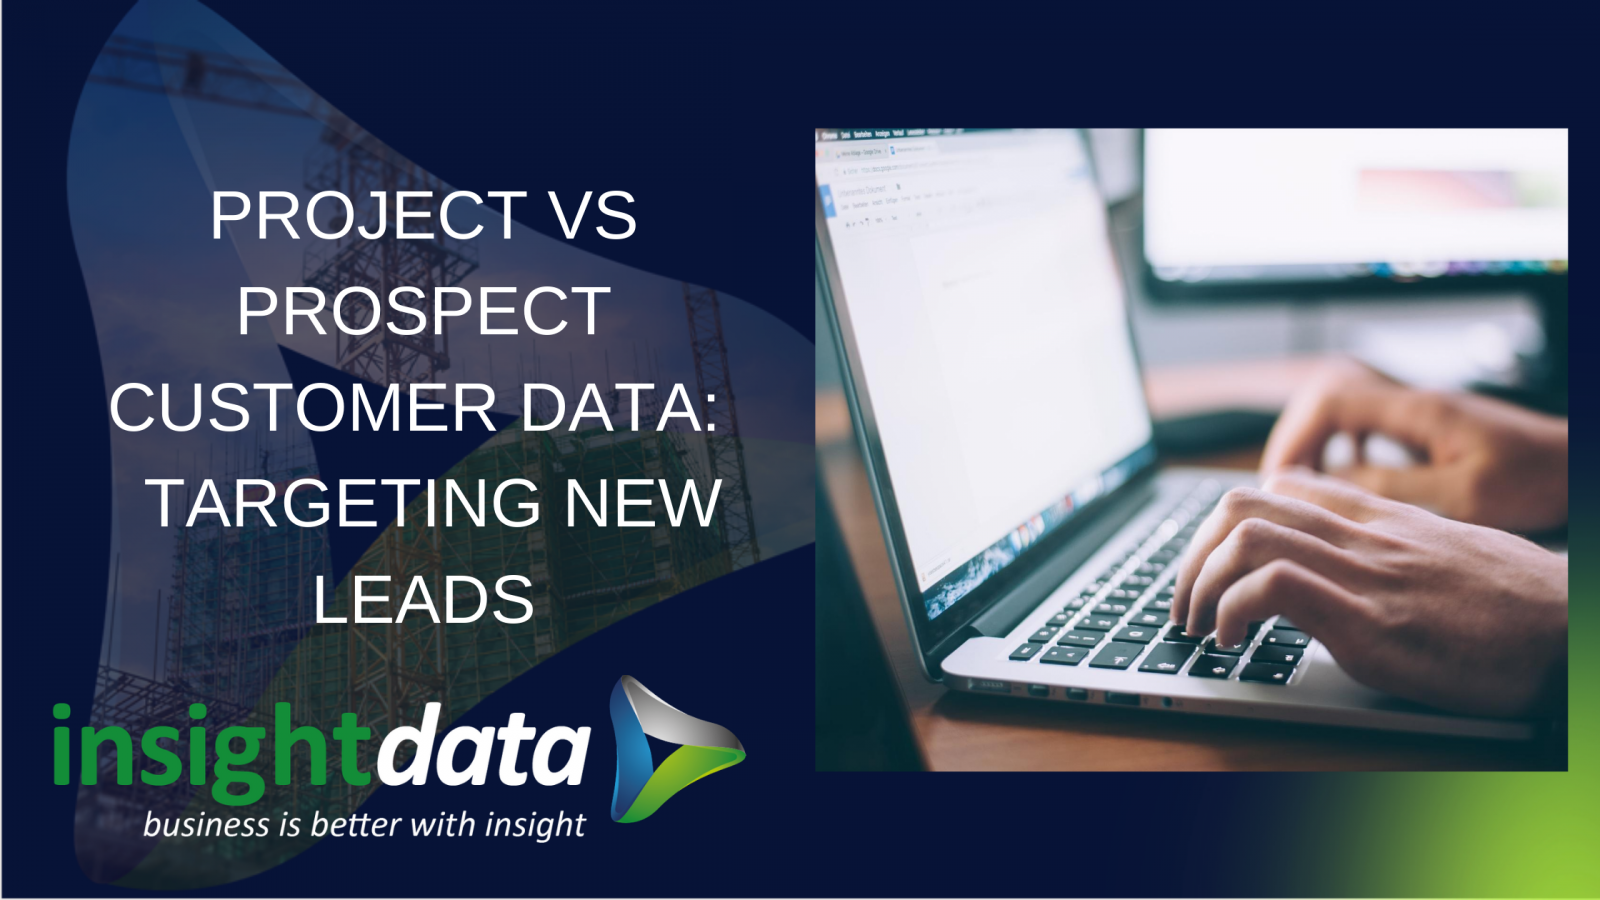 USING PROJECT VS PROSPECT CUSTOMER DATA TO TARGET NEW LEADS 
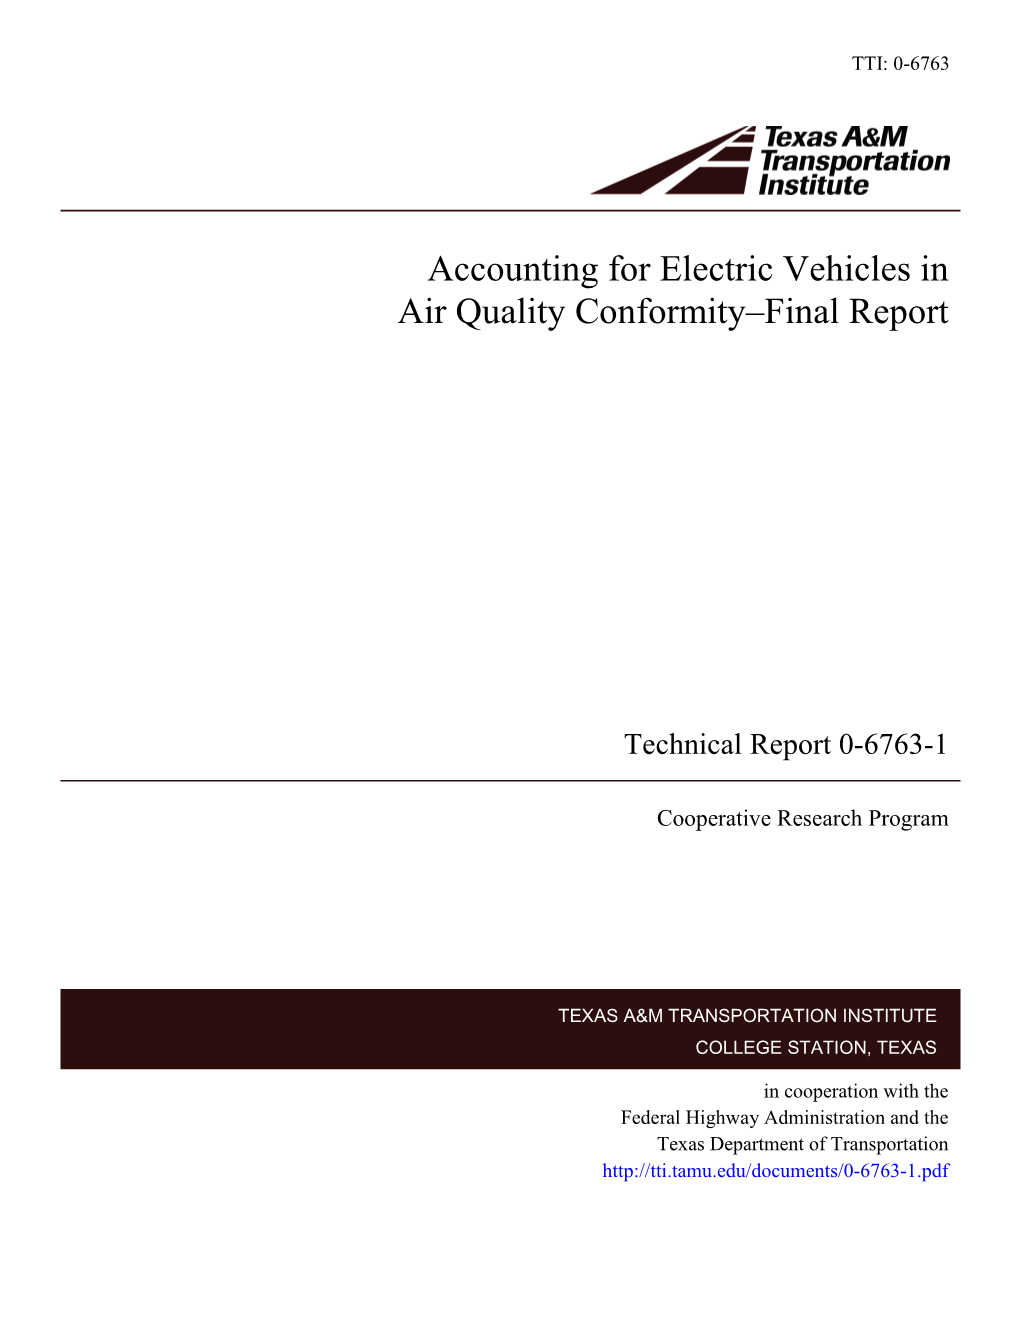 Accounting for Electric Vehicles in Air Quality Conformity --- Final Report
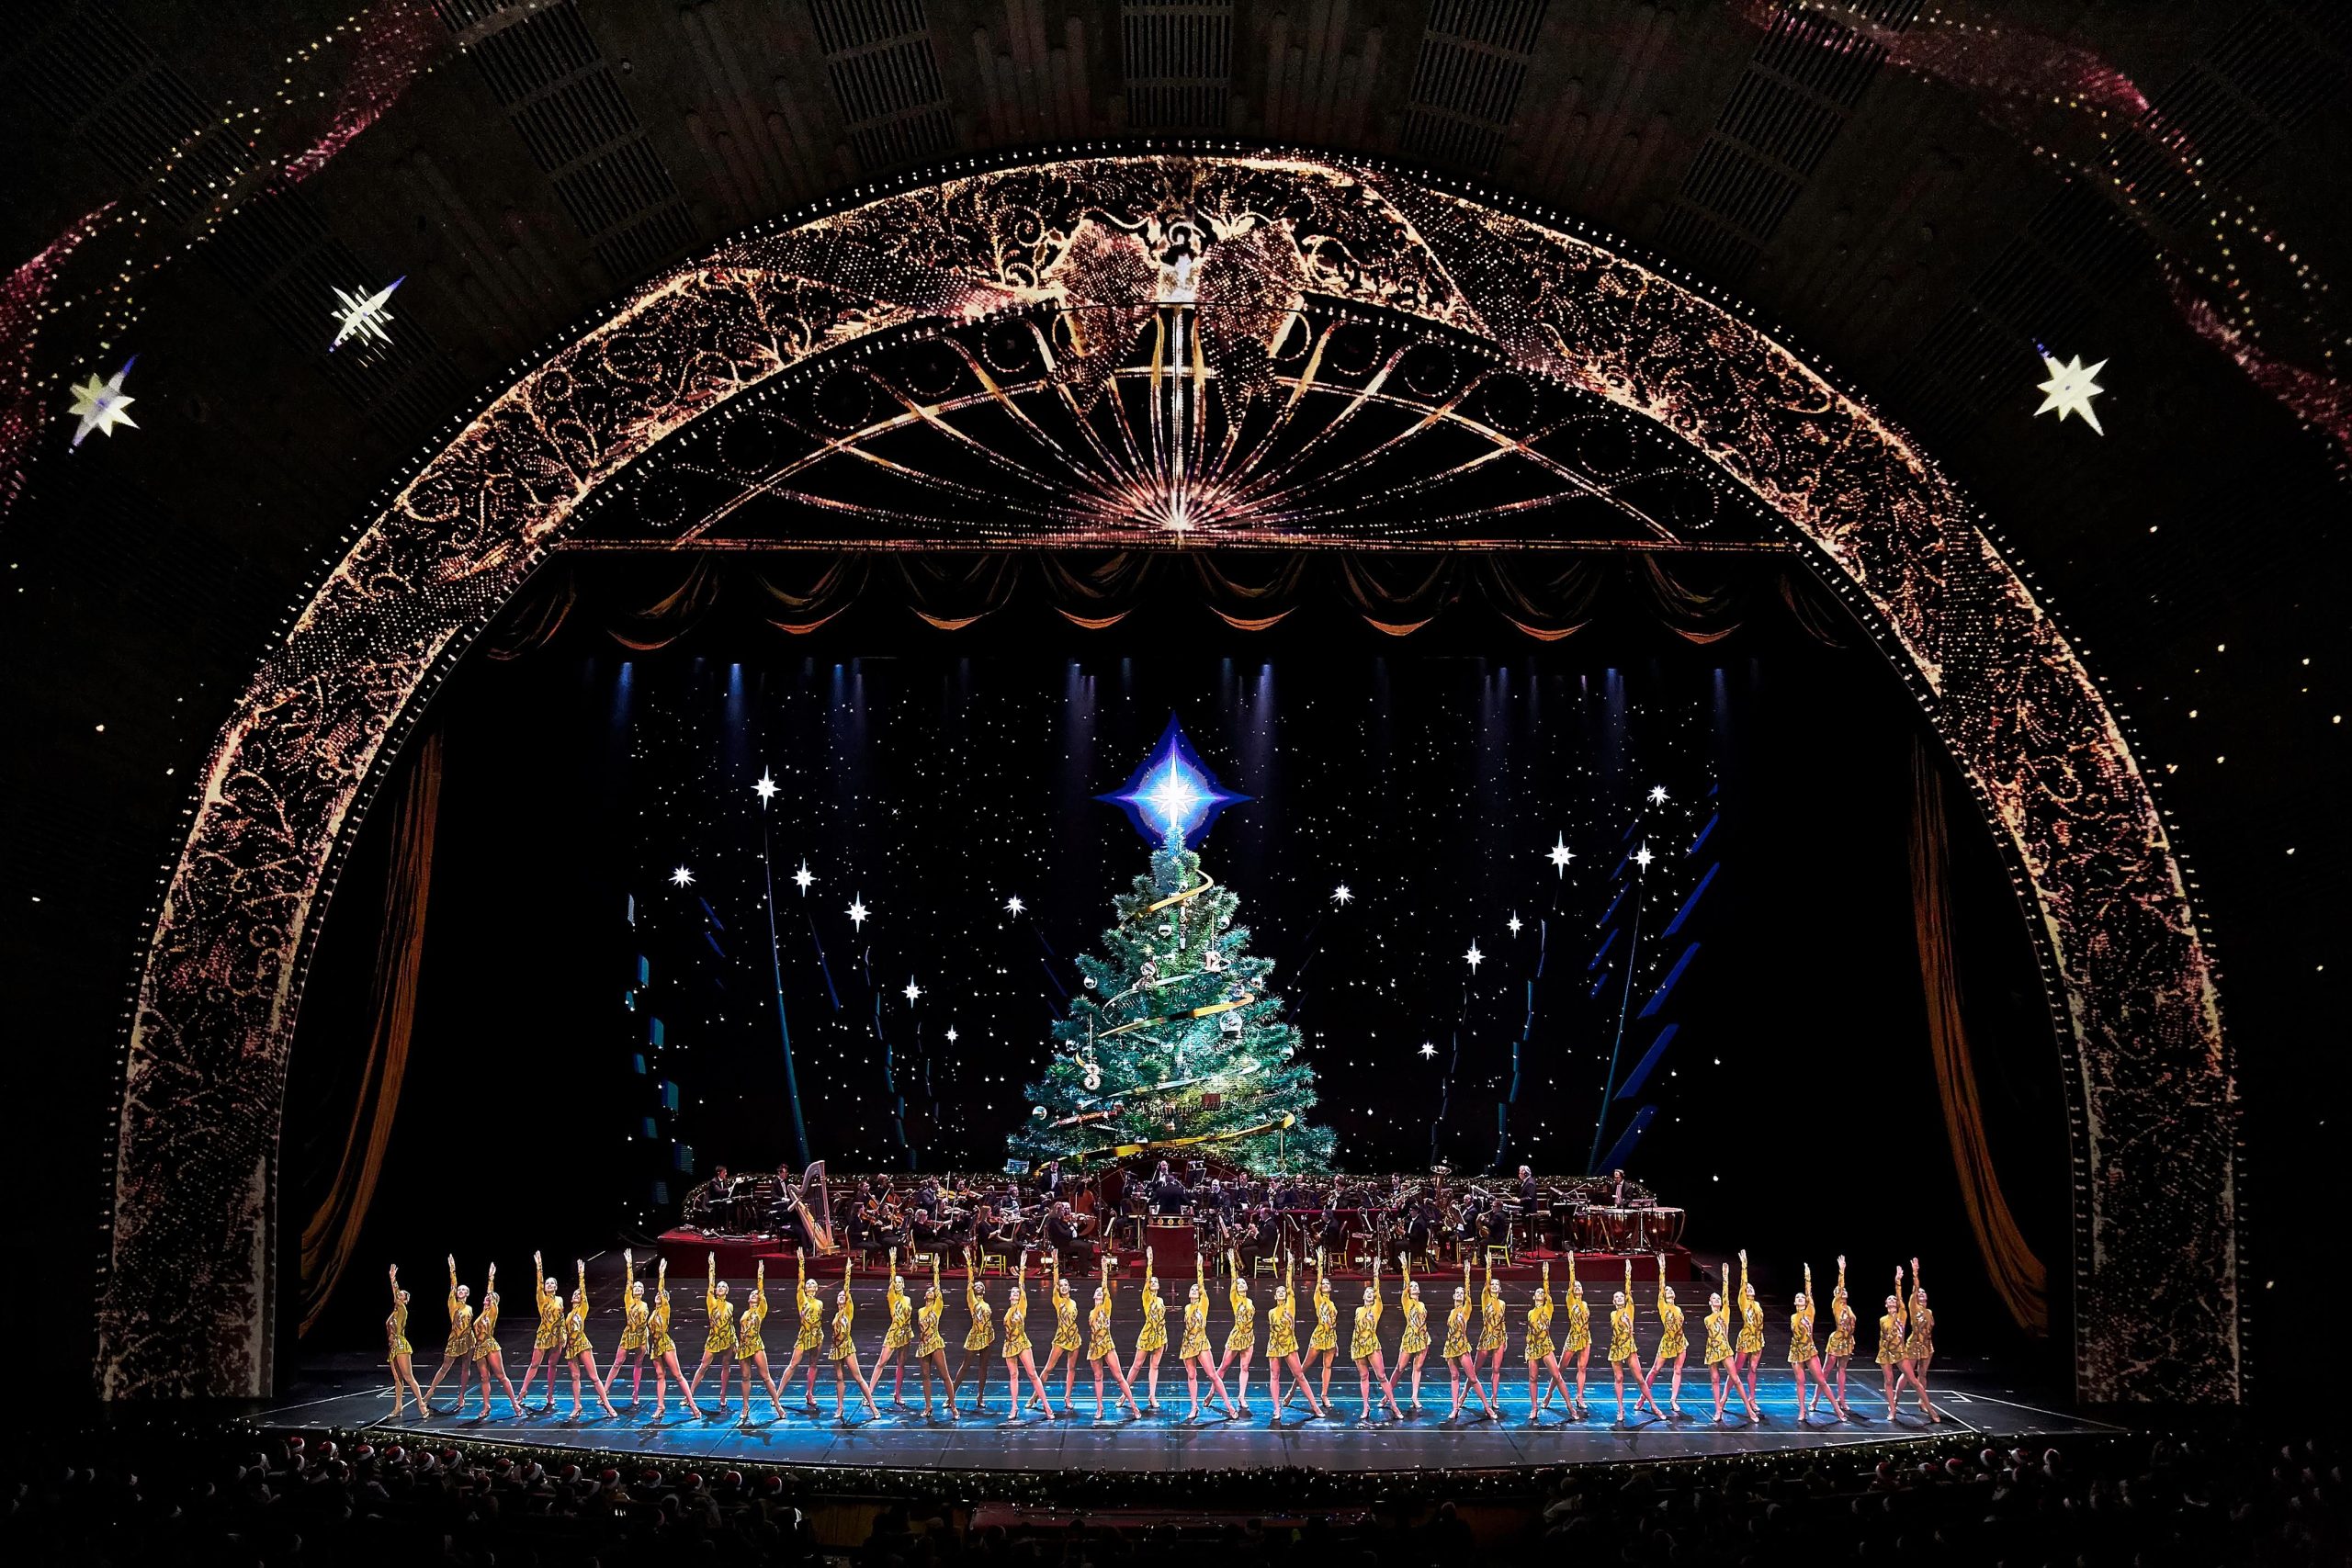 The Christmas Spectacular combines classic holiday music and showstopping choreography with technological elements that extend the show beyond the stage to transport audiences from their seats right to the center of the action. Photo courtesy of Madison Square Garden

········

# Required action:
Could you repeat the data exactly, omitting its pictures?

# Completed exercise:
 USING PROJECT VS PROSPECT CUSTOMER DATA TO TARGET NEW LEADS 
 Accounting for Electric Vehicles in Air Quality Conformity --- Final Report
 The Christmas Spectacular combines classic holiday music and showstopping choreography with technological elements that extend the show beyond the stage to transport audiences from their seats right to the center of the action. Photo courtesy of Madison Square Garden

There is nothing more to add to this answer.